Der Befehl .vamp steht für die Vampir-Kräfte. Hierbei handelt es sich um:
- Vampirsicht
- Heilen(leichte/große)
- Entgiften(leichte/große)
- Infravision
- Paralyse
- Polymorph(Krähe,Wolf,Riesenfledermaus,Ratte)
- Sekalsillusion
- Vampirblut (Heilung Anderer)
Bei der Sekalsillusion sieht das Opfer sieht die Umwellt verzerrt (Schwarz/Weiß-Screen=>Infravision) und erhält die Systemnachricht *Ihr fühlt Euch benommen und Eure Sinne mögen sich täuschen lassen*. Diese Fähigkeit soll weder die Sekalsillusion durch entsprechende Emotes ablösen noch ist sie für Engine-PE's gedacht! Sie soll das Rollenspiel für das Opfer erleichtern und die Situation unterstreichen.

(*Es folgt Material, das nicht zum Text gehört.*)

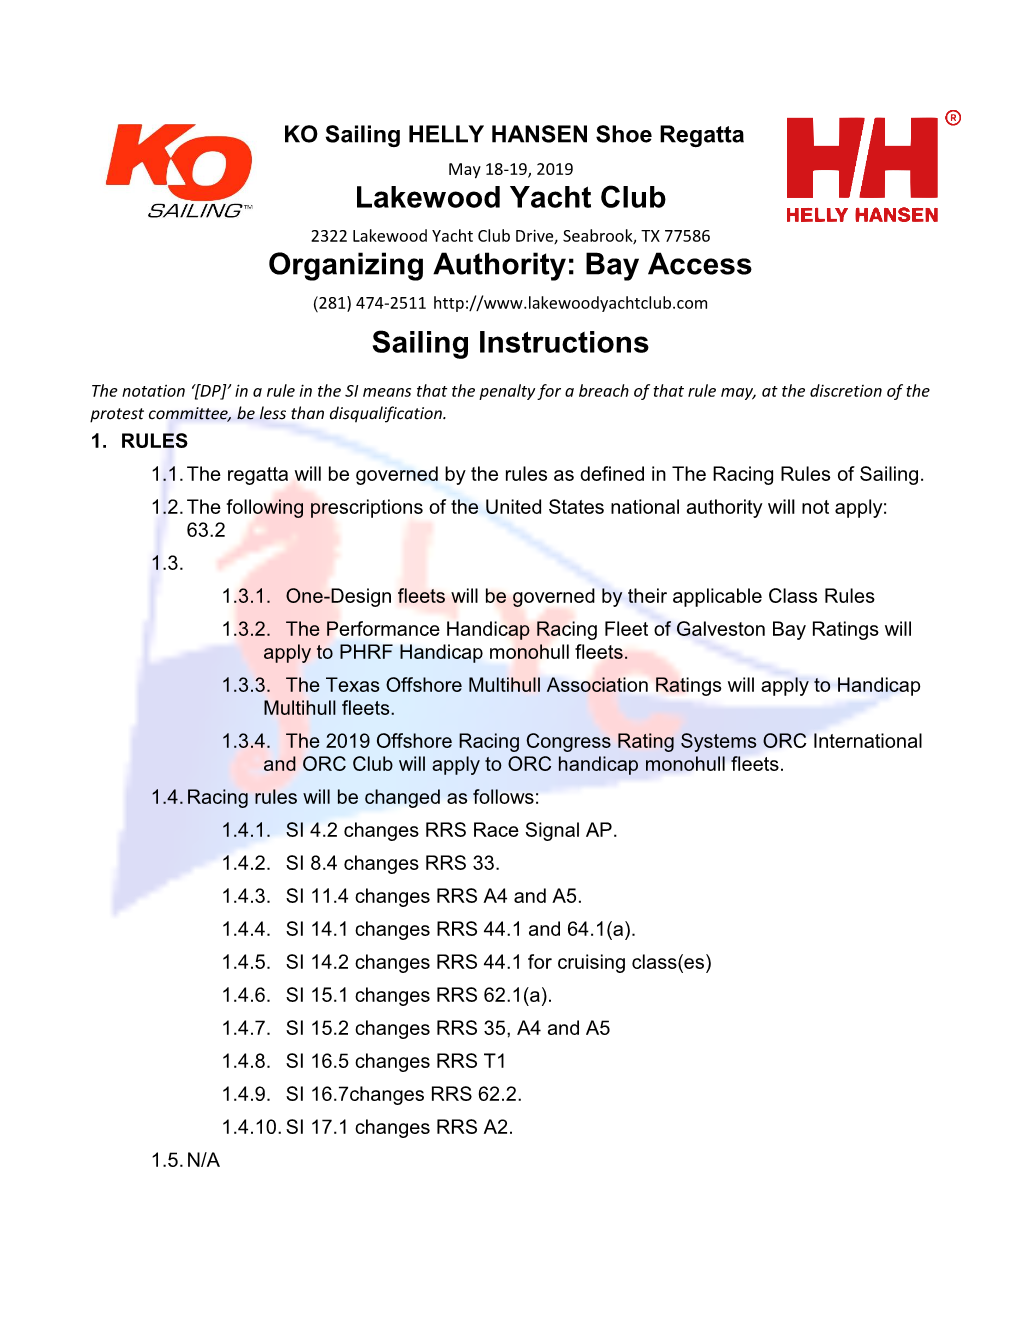 Lakewood Yacht Club Organizing Authority: Bay Access Sailing Instructions

Polymorph ist so gescriptet worden, dass der Spruch "Zauberkosten" am Anfang hat und danach im Minutentakt abgerechnet wird. Der Spruch kann jederzeit beendet werden.
Nachtsicht wirkt so lange, bis der Befehl wieder beendet wird.
Zudem wurde an der Hautfarbe gearbeitet. Die monotone Hautfarbe wird abgelösst durch ein flexibles System. Es gibt inzwischen 5 Hautfarben, welche alle 30 Foodlevel sich abwechseln. Ein fast blutleerer Vampir ist leichenblass, während ein gesättigter Vampir absolut menschlich aussieht. Der Farbwechsel vollzieht sich nicht direkt, sondern um ein paar Minuten verzögert, um es realistischer zu halten.
Ausserdem gibt es noch die folgenden Spielerbefehle:
- .GRUFT
Nur Vampire: verwandelt den aufrufenden Vampir in eine Fledermaus und schickt ihn in seine Gruft. - .VAMP
Nur Vampire: ruft das Menu der Vampir-Fähigkeiten auf. - .VAMPREPOLY
Nur Vampire: beendet die Vampir-Morphs. - .VAMPSIGHT
Nur Vampire: schaltet die Vampir-Nachtsicht an und aus.